Pais Trapalhões em Sitcoms e o Problema do Falso Feminismo
Muito mais do que um insulto a homens, o estereótipo do Pai Trapalhão reforça ideais machistas antigos que ainda limitam a vida das mulheres.
Quando eu tinha mais ou menos onze anos de idade, a puberdade resolveu dar as caras. Infelizmente ela não me trouxe maturidade e sabedoria, mas sim cabelos indomáveis, aparelho nos dentes e alguma espécie de bruxaria que fez com que eu crescesse uns trinta centímetros de um mês para o outro. Foi nessa época (que eu, otimista, gosto de chamar de Os Anos que Me Obrigaram a Desenvolver Caráter) que eu desenvolvi um gosto pouco saudável por séries e sitcoms norte-americanos.
Melhores amigos durante a puberdade.
Com isso, eu não só adquiri um imenso conhecimento de valor duvidoso sobre seriados, como posso dizer que vi com meus próprios olhos um fenômeno interessantíssimo da televisão norte-americana: a súbita substituição da Síndrome do Pai Viúvo (1980 ~ 1995) pela Síndrome do Pai Trapalhão (1995 ~ 2010) em seriados de comédia sobre a vida em família.
Alguns exemplos de maridos e pais trapalhões.
Agora, a representação de pais na televisão sempre variou bastante, espelhando mais ou menos as mudanças na sociedade. Durante muito tempo os pais foram retratados como os chefes da família – a pessoa que tinha a voz de decisão e a quem as crianças obedeciam. Mais tarde, vieram os pais sábios e conselheiros, ainda chefes da casa (e suas esposas, ainda limitadas ao serviço doméstico), mas num papel mais de mentor do que de disciplinador. No final da década de oitenta, no entanto, as coisas viraram de pernas para o ar quando muitas séries resolveram retratar famílias desestruturadas, matando as mães e criando uma variedade de pais viúvos talvez um pouco atrapalhados, mas ainda assim sérios, responsáveis e compromissados com a criação de seus filhos.
Vale lembrar que, nessa mesma época, os pais que não tinham perdido suas esposas tragicamente ainda faziam um trabalho aceitável como pais, alternando doses de disciplina e suavidade.
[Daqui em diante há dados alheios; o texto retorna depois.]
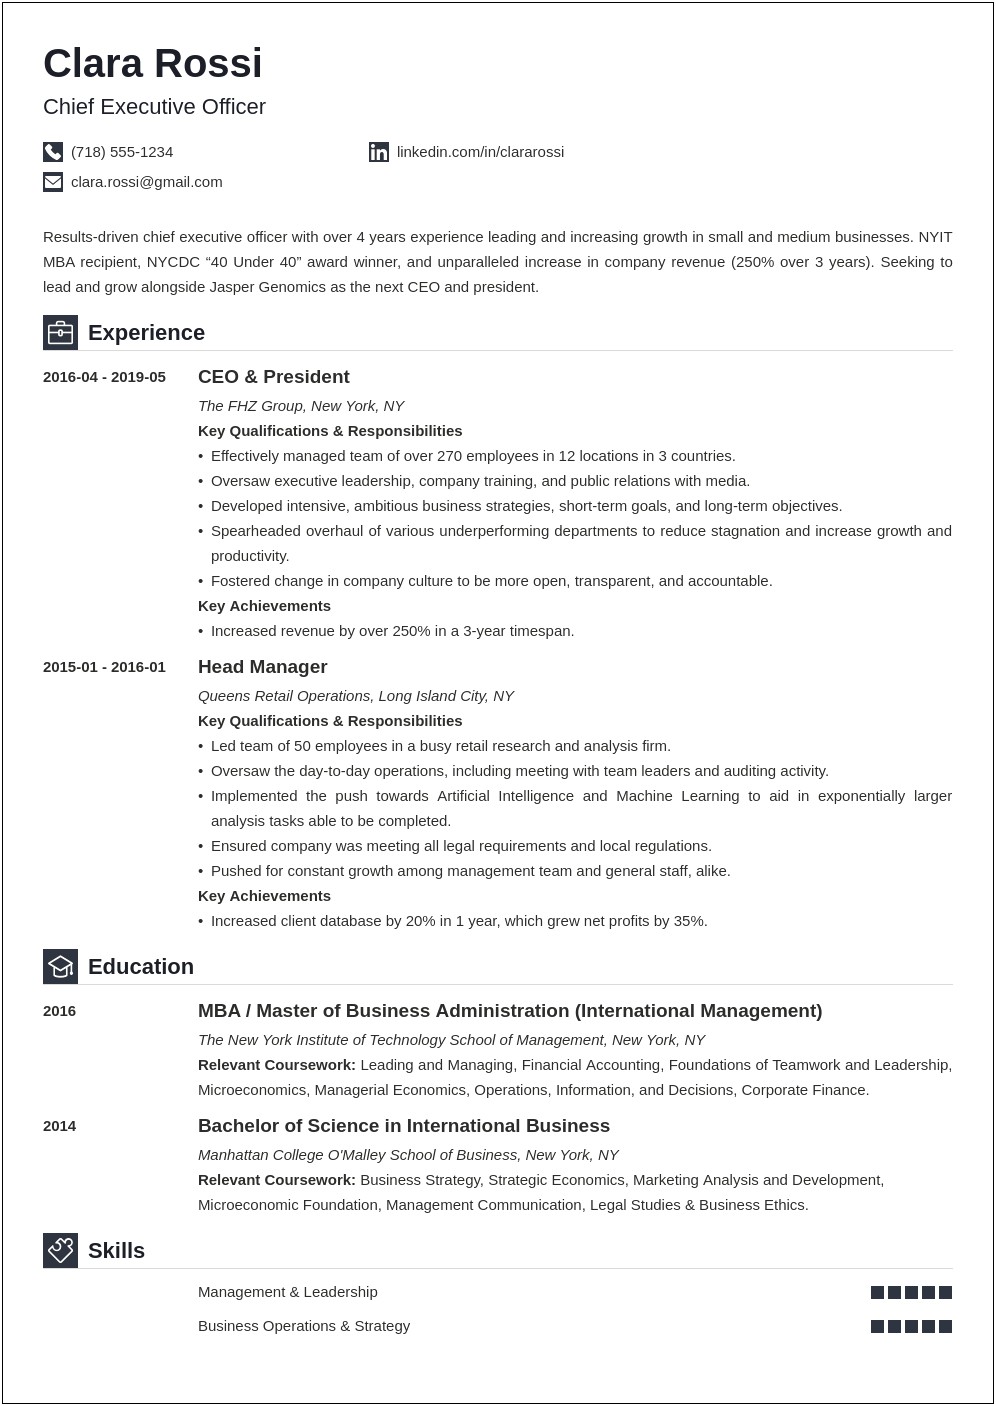 The Best Resume Ever Written By A Ceo

O ano de 1995 marcou o fim dessa era, dando início a uma tradição (que apenas recentemente vem sendo subvertida) de pais trapalhões e imprestáveis – criaturas infantilizadas verdadeiramente imbecis, que se metem em confusões mais imbecis ainda e dependem completamente de suas esposas no âmbito doméstico. Em oposição à imbecilidade exagerada dos maridos, estas são sensatas, competentes e praticamente acima de falhas (além de lindas , é claro – lembrando que essa tradição absorveu também com maestria a misteriosa síndrome dos caras “feios” com minas gatas, infiltrada na cultura pop há décadas).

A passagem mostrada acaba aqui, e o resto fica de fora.